Metrics that Track Overall Functionality and End-to-End Experience
The highest level metrics track requests through the system in context of the outermost component that users interact with. This might be a load balancer or other routing mechanism that is responsible for receiving and coordinating requests to your service. Since this represents the first touch point with your system, collecting metrics at this level gives an approximation of the overall user experience.
While the previously described metrics are incredibly useful, the metrics in this section are often the most important to set up alerting for. To avoid response fatigue, alerts—especially pages—should be reserved for scenarios that have a recognizable negative effect on user experience. Problems surfaced with these metrics can be investigated by drilling down using the metrics collected at other levels.
The signals we look for here are similar to those of the individual services we described earlier.

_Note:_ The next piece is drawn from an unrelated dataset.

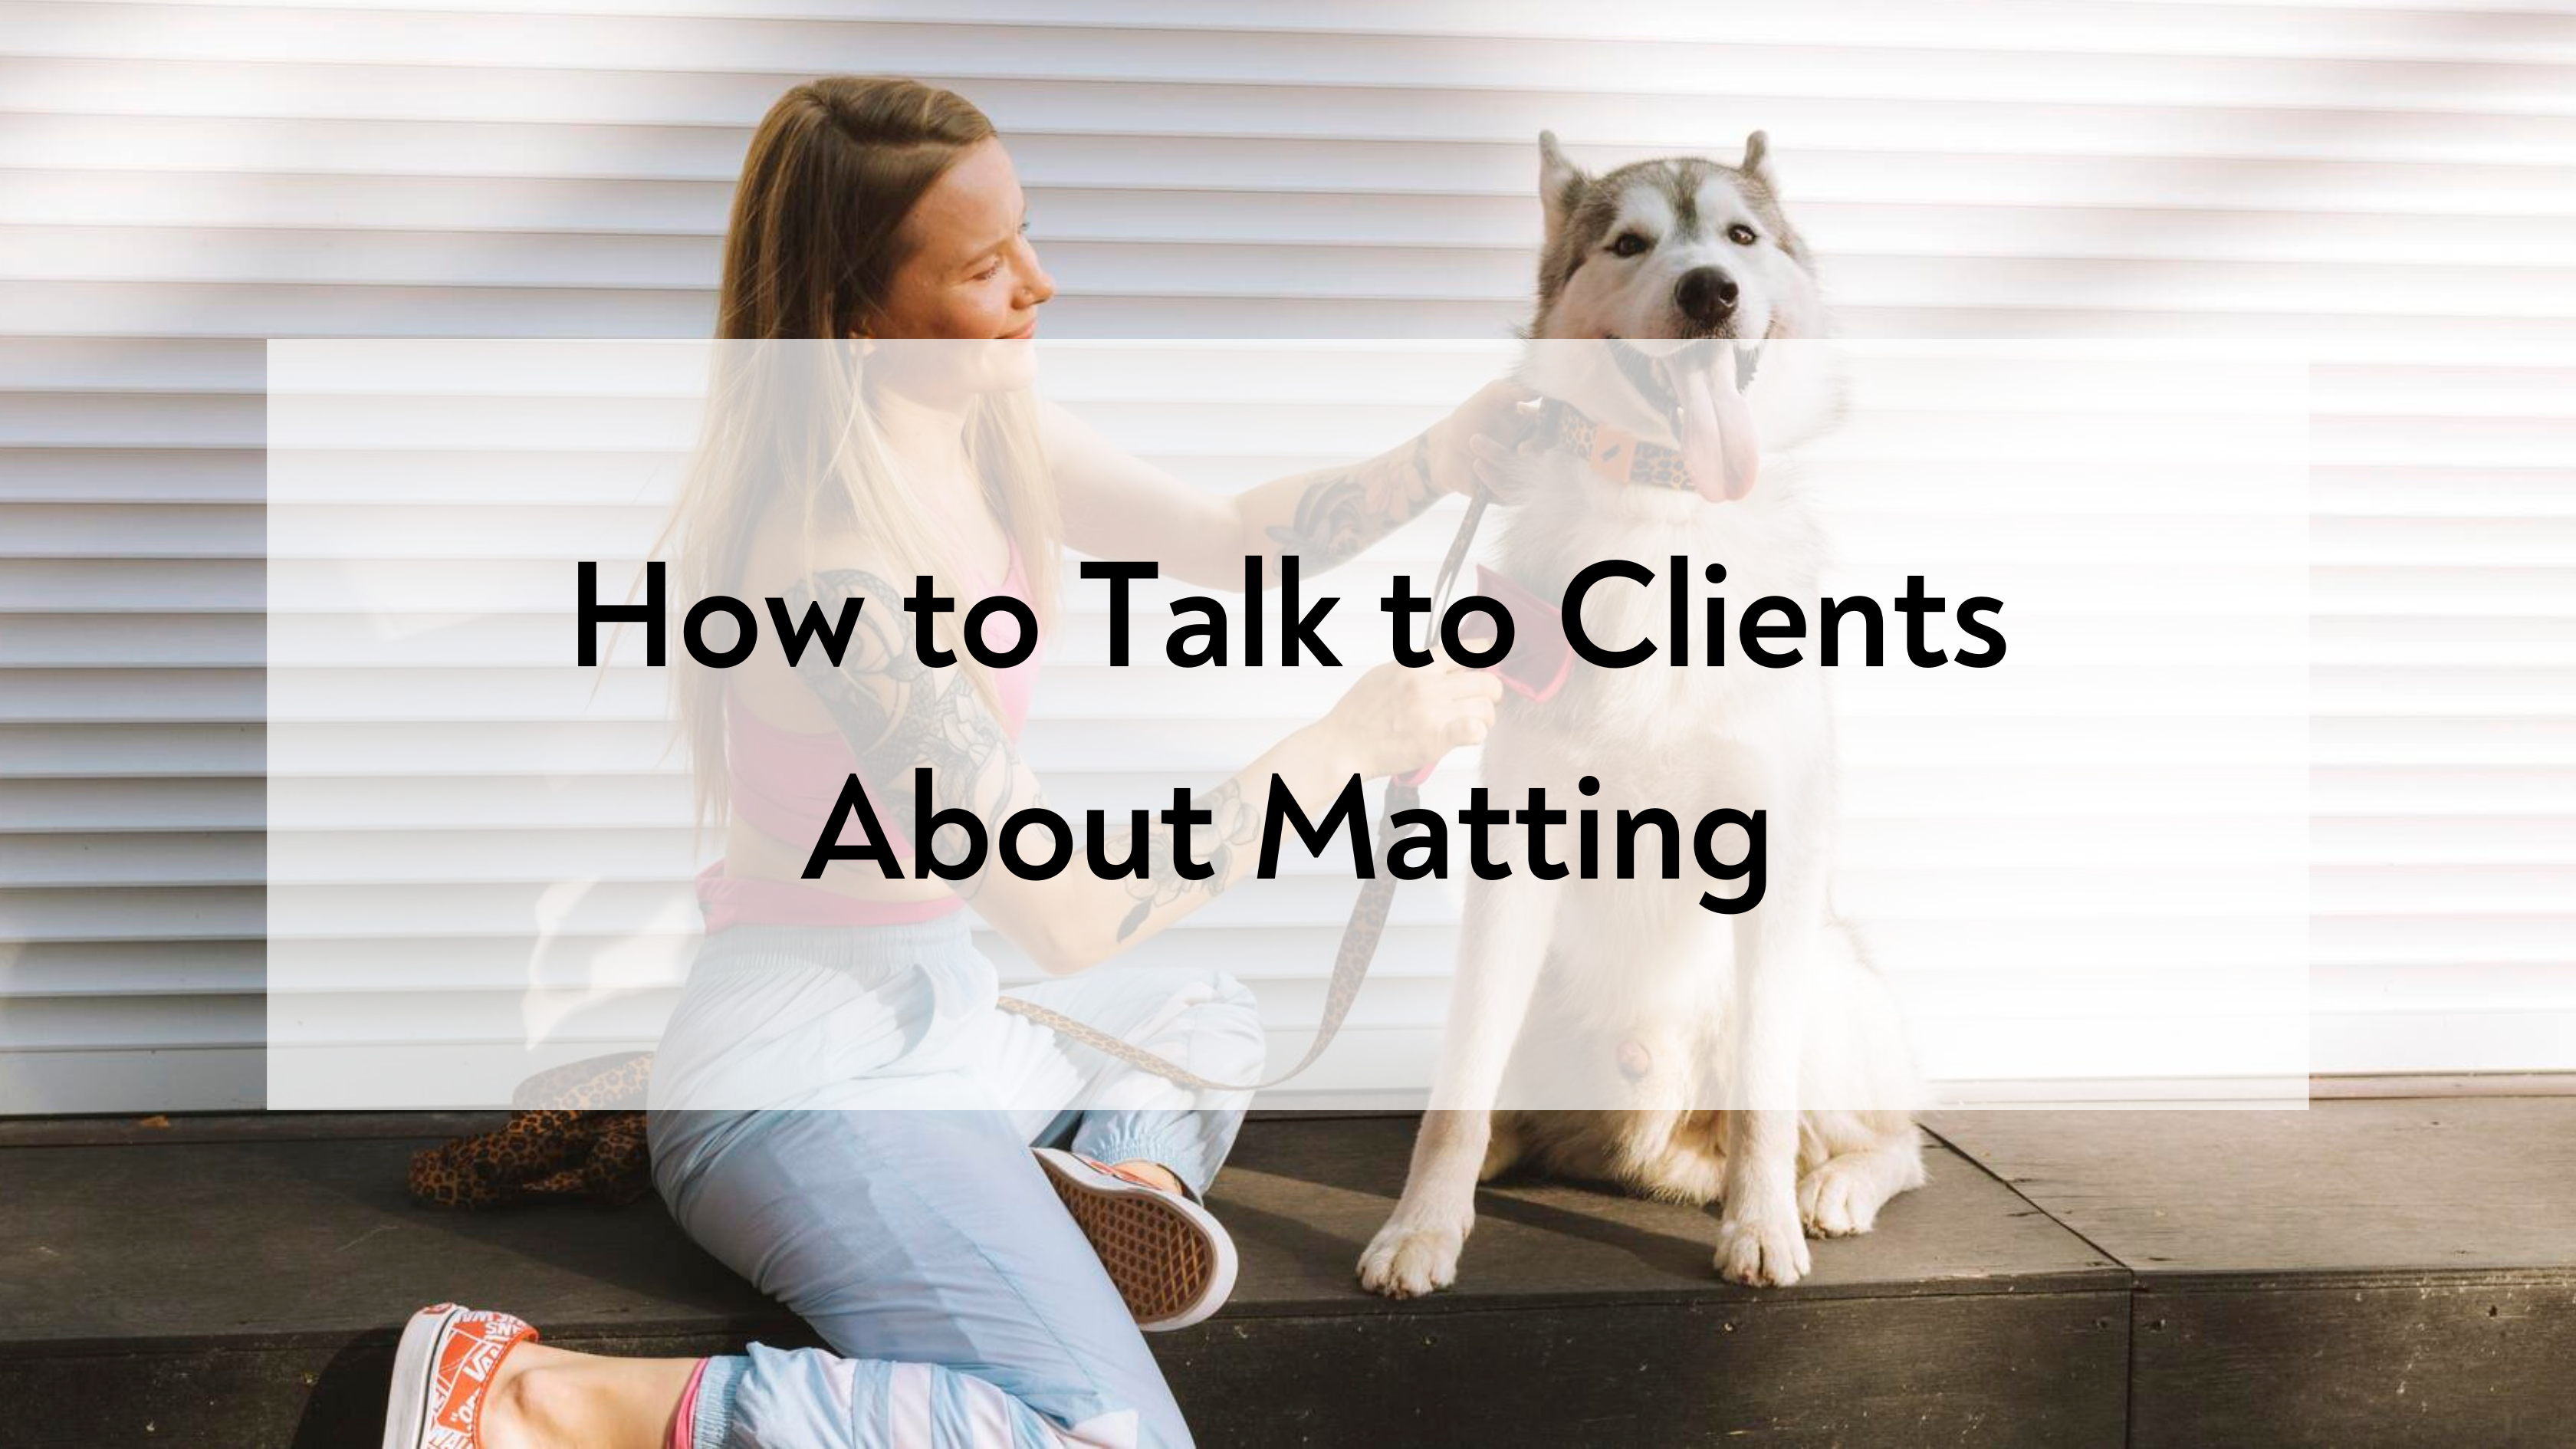 How to Talk to Clients About Matting

The primary difference is the scope and the importance of the data we gather here:
- Latency: The time to complete user requests
- Traffic: Number of user requests per second
- Errors: Errors that occur when processing client requests or accessing resources
- Saturation: The percentage or amount of resources currently being used
As these metrics parallel user requests, values that fall outside of acceptable ranges for these metrics likely indicate direct user impact. Latency that does not conform to customer-facing or internal SLAs (service level agreements), traffic that indicates a severe spike or drop off, increases in errors rates, and an inability to serve requests due to resource constraints are all fairly straightforward to reason about at this level. Assuming that the metrics are accurate, the values here can be directly mapped against your availability, performance, and reliability goals.

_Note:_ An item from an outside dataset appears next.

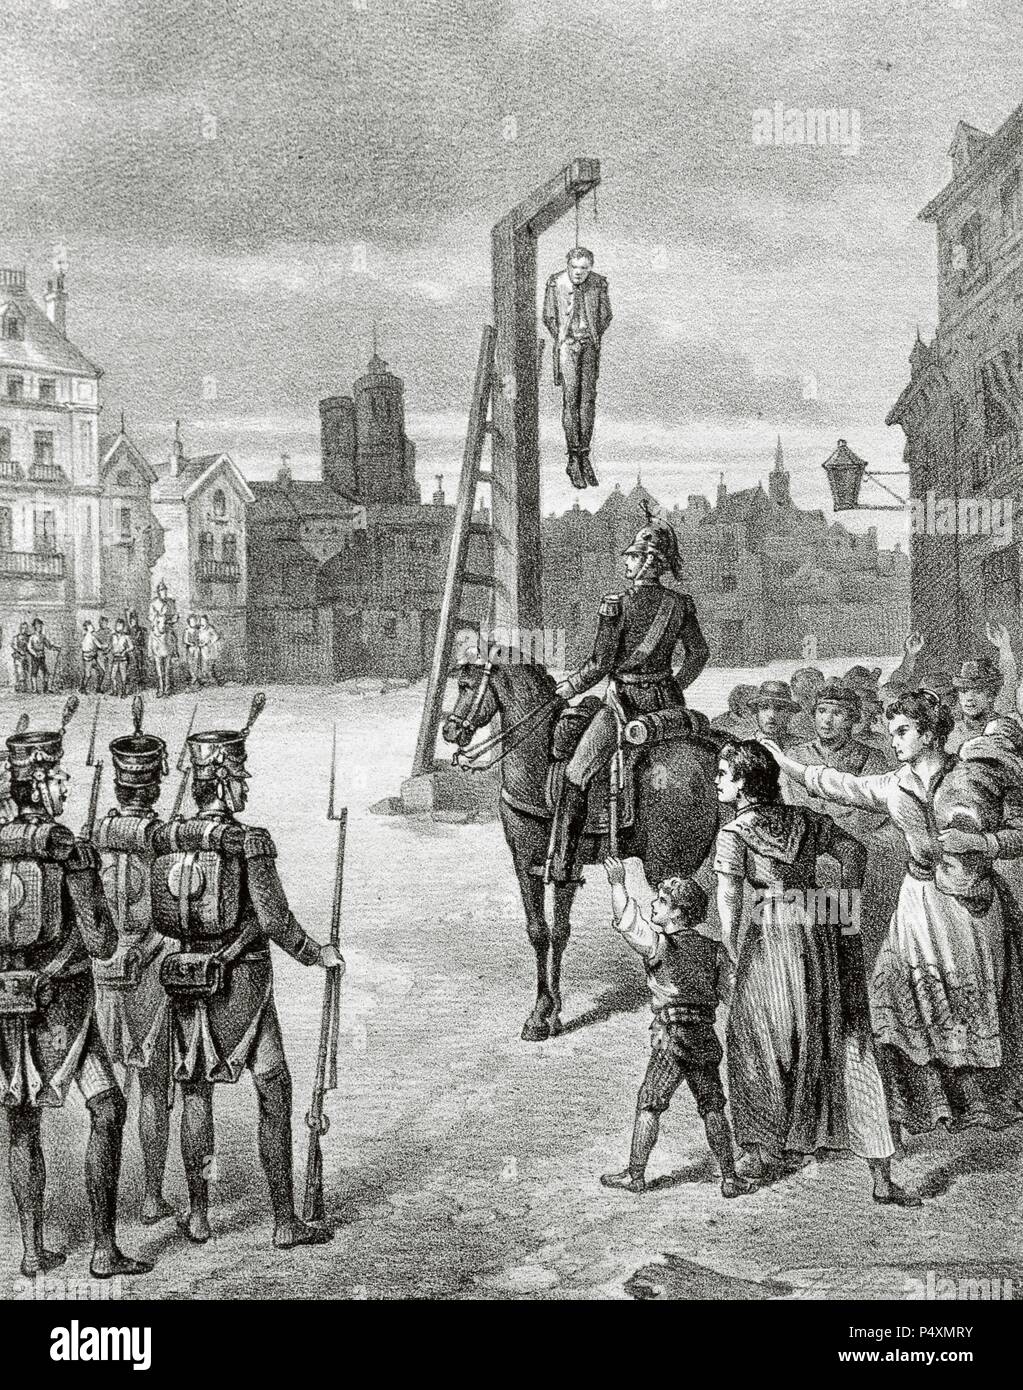 Rafael del Riego (1785-1823). Spanish military and politician. Accused of high treason, he was sentenced to be hanged. Public execution of Riego in the Cebada Square, Madrid, on 7th November, 1823. Spain. Engraving. Stock Photo

There are many other types of metrics that can be helpful to collect. Conceptualizing the most important information at varying levels of focus can help you identify indicators that are most useful for predicting or identifying problems. Keep in mind that the most valuable metrics on higher levels are likely to be resources provided by lower layers.
Factors That Affect What You Choose to Monitor
For peace of mind, in an ideal world you would track everything related to your systems from the beginning in case an item may one day be relevant to you. However, there are many reasons why this might not be possible or even desirable.

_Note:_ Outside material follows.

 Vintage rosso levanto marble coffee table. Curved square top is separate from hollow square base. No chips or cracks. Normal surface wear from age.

A few factors that can affect what you choose to collect and act on are:
- Resources available for tracking: Depending on your human resources, infrastructure, and budget, you will have to limit the scope of what you keep track of to what you can afford to implement and reasonably manage.
- The complexity and purpose of your application: The complexity of your application or systems can have a large impact on what you choose to track. Items that might be mission critical for some software might not be important at all in others.
- The deployment environment: While robust monitoring is most important for production systems, staging and testing systems also benefit from monitoring, though there may be differences in severity, granularity, and the overall metrics measured.
- The likelihood of the metric being useful: One of the most important factors affecting whether something is measured is its potential to help in the future. Each additional metric tracked increases the complexity of the system and takes up resources. The necessity of data can change over time as well, requiring reevaluation at regular intervals.
- How essential stability is: Simply put, stability and uptime might not be priorities for certain types of personal or early stage projects.
The factors that influence your decisions will depend on your available resources, the maturity of your project, and the level of service you require.